Говорили, что Шиана однажды пошутила о своем назначении: «Я пасу червей, которых, может, еще и не будет».
А даже если они и появятся, пройдут годы, прежде чем они достигнут тех размеров, что были изображены на картинке. Не ее ли голос исходил от крохотной фигурки перед червем?
— Со временем будет так.
Запах меланжа наполнил комнату, запах более насыщенный, чем в обычных комнатах Преподобной Матери. Одрейд окинула взглядом обстановку: стулья, рабочий стол, освещение укрепленных глоуглобов — все было расположено предельно удобным образом. Но что за странной формы груда черного плаза в углу? Очередное произведение Шианы?

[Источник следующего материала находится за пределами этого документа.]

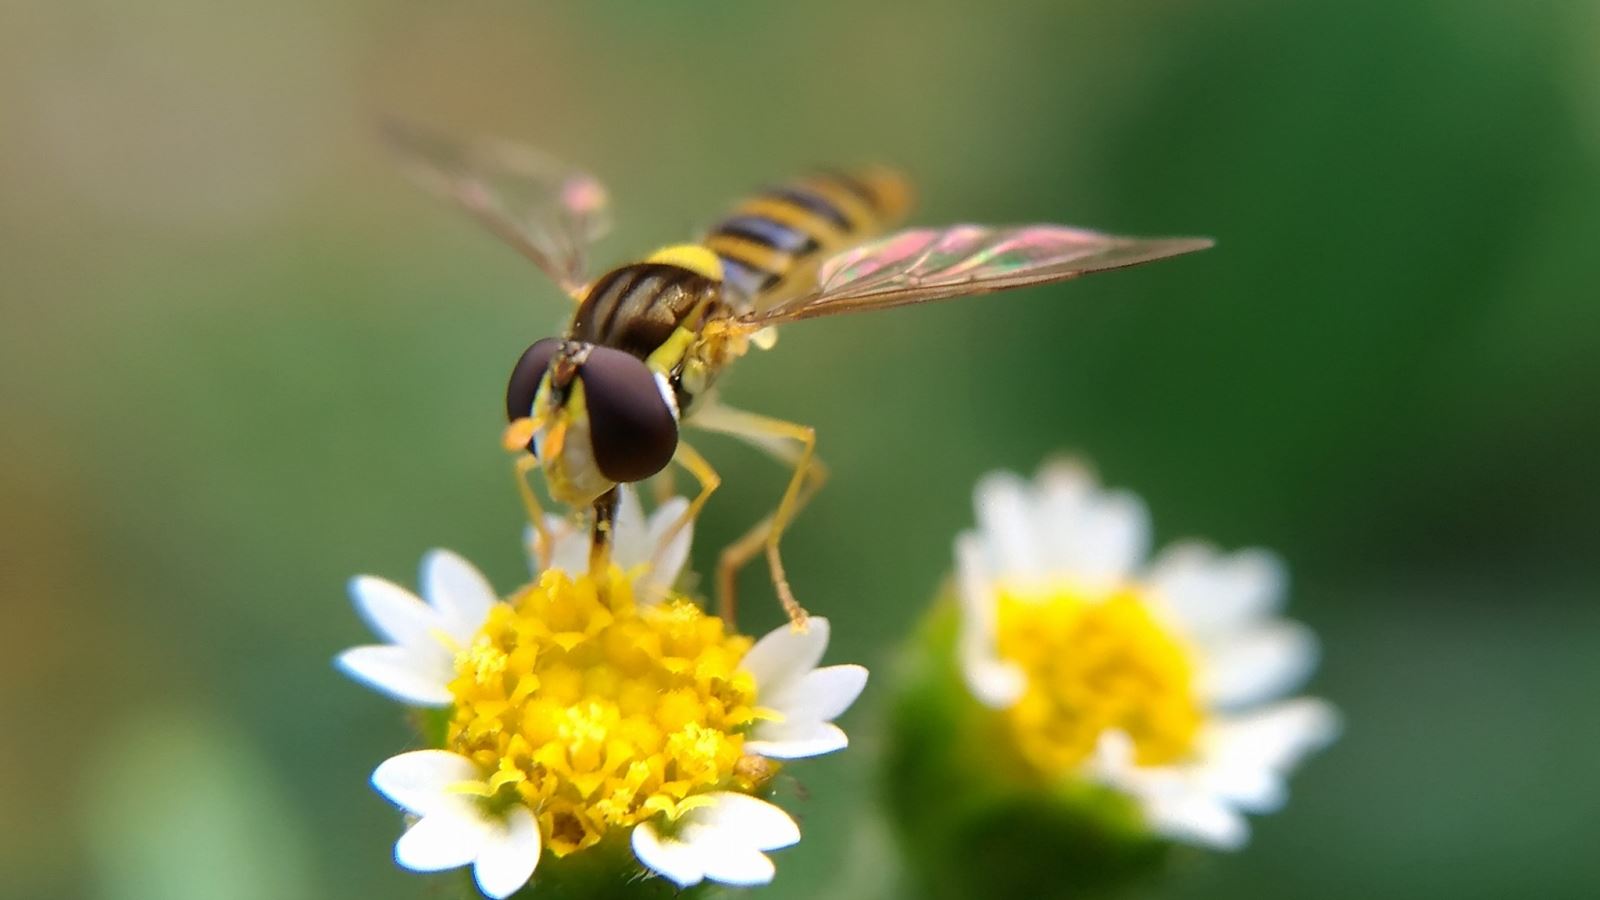 Tổng-hợp-hình-ảnh-về-các-loài-ong-đẹp-53.jpeg

Комнаты были под стать Шиане, решила Одрейд. Не так сильно, как рисунок, но и вид из окна напоминал ее происхождении, походя на Дар-эс-Балат в глубине пустынь Дюны.
Слух Одрейд уловил шорох со стороны двери. Она повернулась и увидела Шиану. Она застенчиво заглядывала в дверь, не торопясь подходить к Преподобной Матери.
Движения яснее слов: «Итак, она пришла ко мне в комнаты. Хорошо. А кто-то мог бы и не принять моего приглашения».
Обостренные чувства Одрейд заработали при виде Шианы. Самая молодая из всей истории Преподобных Матерей. Ты часто думаешь о ней, как о тихой маленькой Шиане. Она не всегда была тихой и уже совсем не была маленькой, но прозвище прижилось. Она даже не походила на мышку, хотя зачастую и напоминала тихого грызуна, ожидающего на краю поля ухода хозяина. Чтобы устремиться в пшеницу подбирать осыпавшееся зерно.
Шиана вошла в комнату, остановившись совсем близко к Одрейд.
— Мы долго не виделись. Великая Мать.
Первое впечатление Одрейд явно было смешанным.
Прямота и маскировка?
Шиана стояла в тихом ожидании.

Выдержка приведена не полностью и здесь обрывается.